The primary purpose of this study was to demonstrate that most of the items of the PANSS are Very Good or Good at assessing overall illness severity throughout the spectrum of increasing levels of severity. A second purpose was to create an abbreviated version of the PANSS using a nonparametric IRT in the TestGraf software. Shortened versions of this standardized and widely disseminated scale provide an interesting avenue, which could be more fully explored before investing resources in the development of completely new instruments.
Our results confirmed that a majority of PANSS items (63.33%; 19 out of 30 items) are either
Very Good or
Good at assessing the overall illness severity.
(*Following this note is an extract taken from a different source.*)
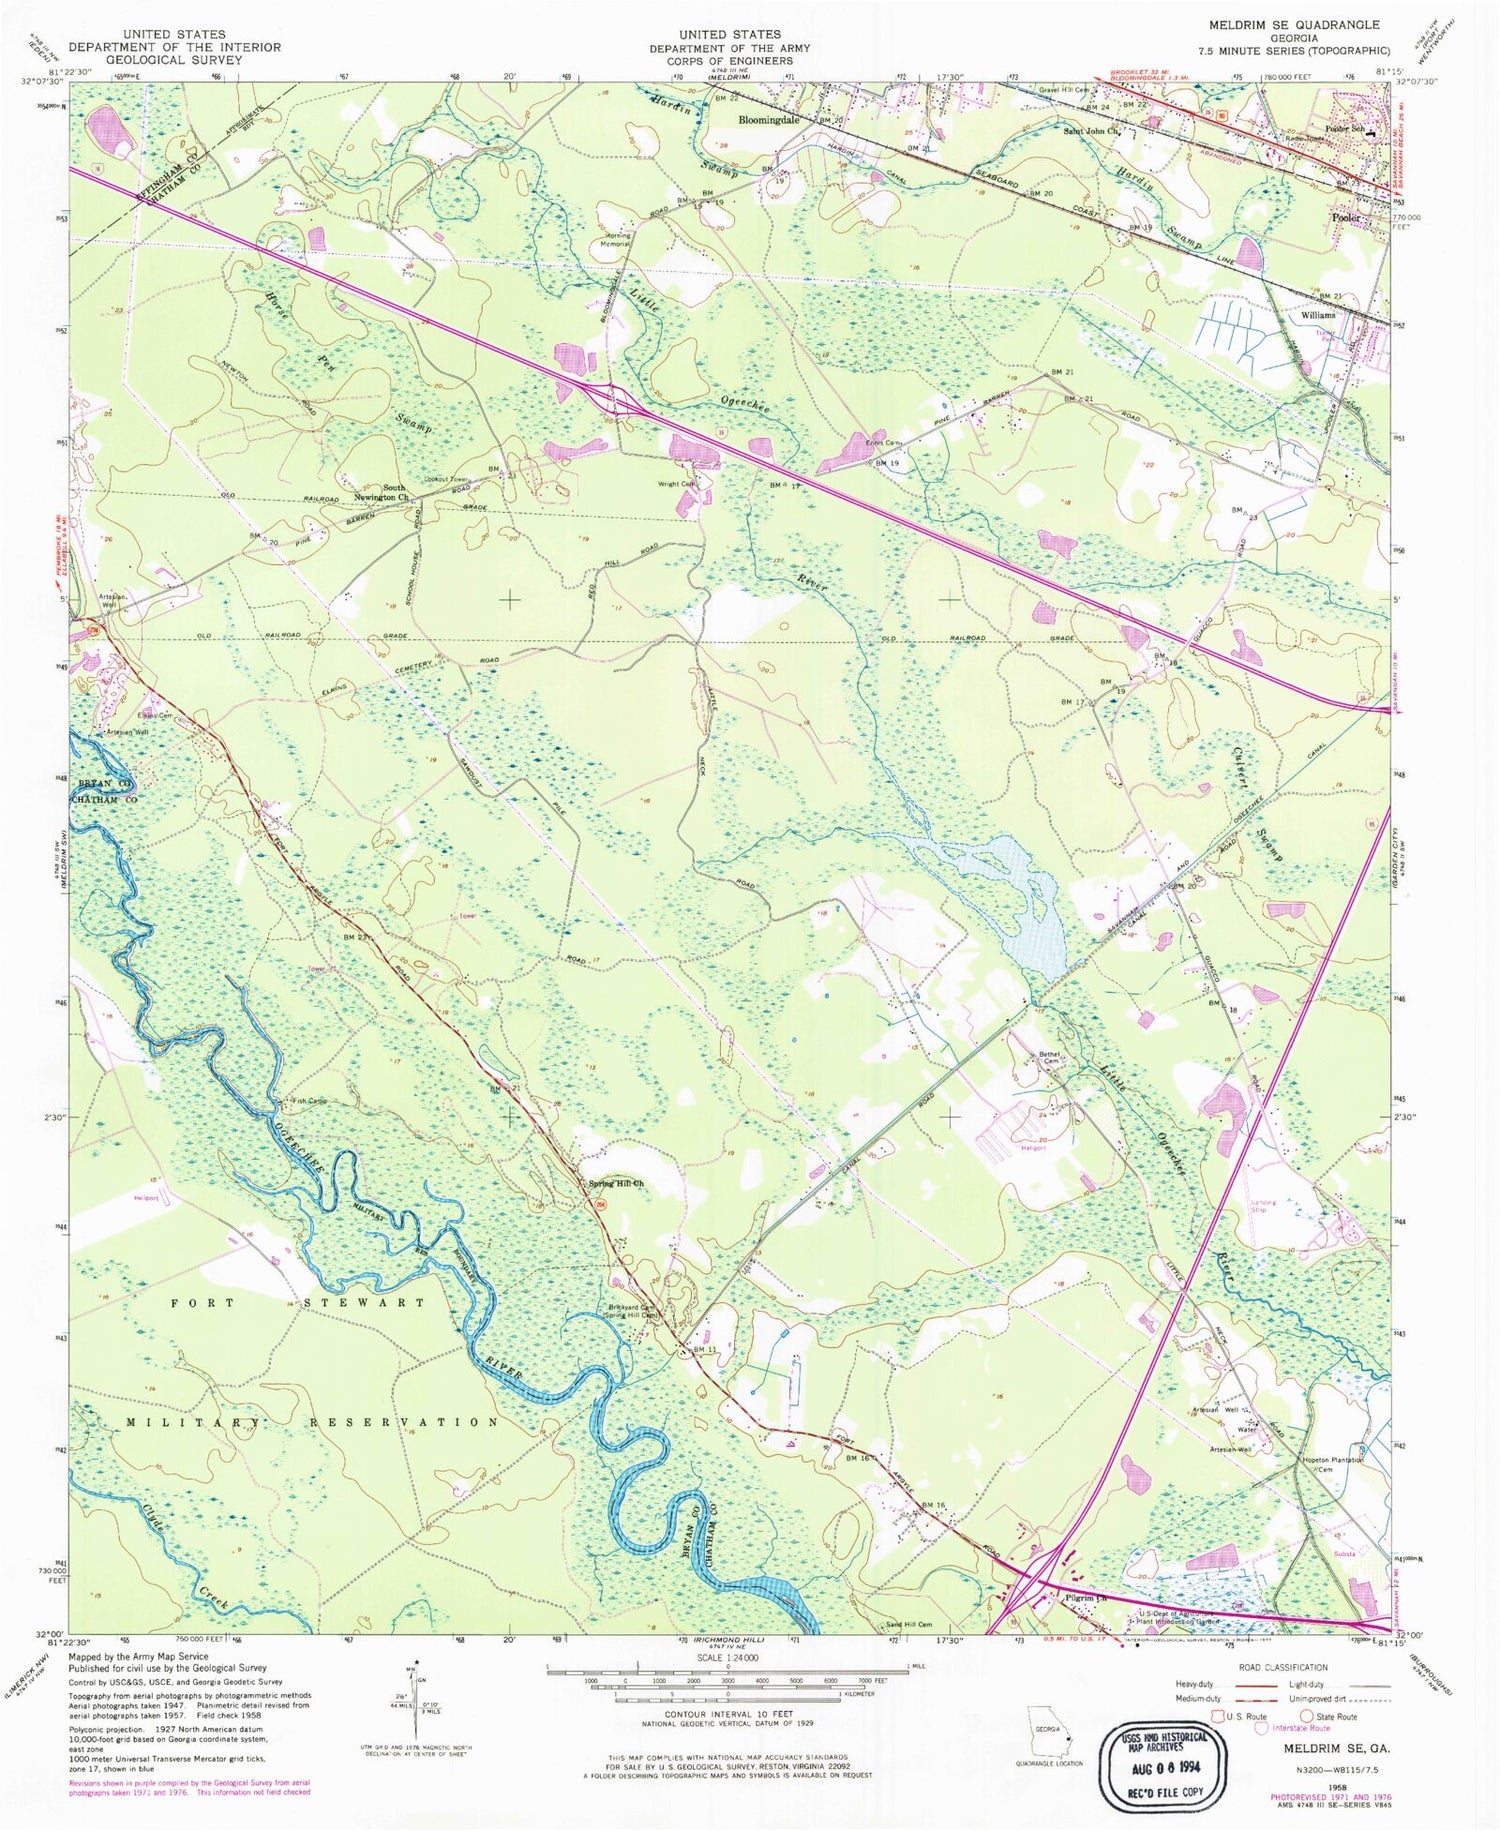 Classic USGS Meldrim SE Georgia 7.5'x7.5' Topo Map Image

Our results agree with the ones found by Santor and colleagues [
8] who conducted the first IRT analysis of the PANSS. Not surprisingly our present nonparametric IRT showed that the Negative Symptom items (particularly, N1, N2, N3, N4, N6, and N7) showed good discriminative properties across almost the entire range of severity (i.e. increases in symptom intensity correspond to increases in illness severity), and it is these items that most closely approximates the "ideal" item illustrated in Figure . In addition, items of the Positive Symptoms subscale, P1, P3, P5, and to a lesser degree, P2, P4 and P6, also showed good approximation to the "ideal" item presented in Figure . For these items, the probability of rating a particular option (level of severity) corresponded to a relatively well defined and narrow range of severity.
In contrast, as demonstrated by Santor and colleagues [
8] many items (P7, N5, N7, G1, G5, G6, G9, G10, G11, G12, G13, and G15) demonstrate problematic features and some fundamental issues remain with regard to the use of the PANSS total score as a measure of overall level of psychopathological severity in schizophrenia. Several items from the General Psychopathology subscale failed to show good discriminative properties across the range of severity assessed in the present study. Of the 16 items of the General psychopathology Subscale, only seven (43.75%) were found to be either Very Good or Good and were retained in the Mini-PANSS. For example, for item G3 (Guilt Feelings), OCCs were flat (not peaked) across almost the entire severity range, and was dominated by a single response option throughout most of the distribution of scores. One may argue that this is a result of the severity of the patient population used for this study, however, the levels of psychopathology in this study ranged from the lowest levels of severity (a total PANSS score of 32) to very high levels of severity (a total PANSS score of 161).
A consistent observation across all items was that very extreme symptomatology (option 7) was rarely rated. Additionally, Santor and colleagues [
8] and Obermeier and colleagues [
36] recommended rescaling the PANSS options as option 7 is rarely endorsed and some options present ambiguous definitions. For example, on item P1, patients scoring at the highest range of Positive Symptoms total score were far more likely to score a 5 or 6 on this item, suggesting that option 7 was underutilized. Additionally, a large number of items showed an overlap in OCCs for options 3 and 4 (some examples include G2, G3, G12). These result were not unexpected, because the definition of option 3 includes "little interference with patient's daily functioning,' whereas option 4 "represents a serious problem but occurs occasionally" (Kay et al., 1987). This phrasing appears to create greater overlap as the terms "little interference" and can be difficult to differentiate from "occurs occasionally." Results also demonstrate overlap between a number of adjacent OCCs. In particular, items P7, N5, G1, G3, G10, G11, and G12 display significant overlap between most options suggesting these levels of severity are poorly differentiated. Also, results show that some items are predominantly rated at higher levels of severity and do not span the entire continuum of expected scores. For example, G2, G5, and G16, have OCCs starting from expected scores on the General Psychopathology subscale of approximately 25.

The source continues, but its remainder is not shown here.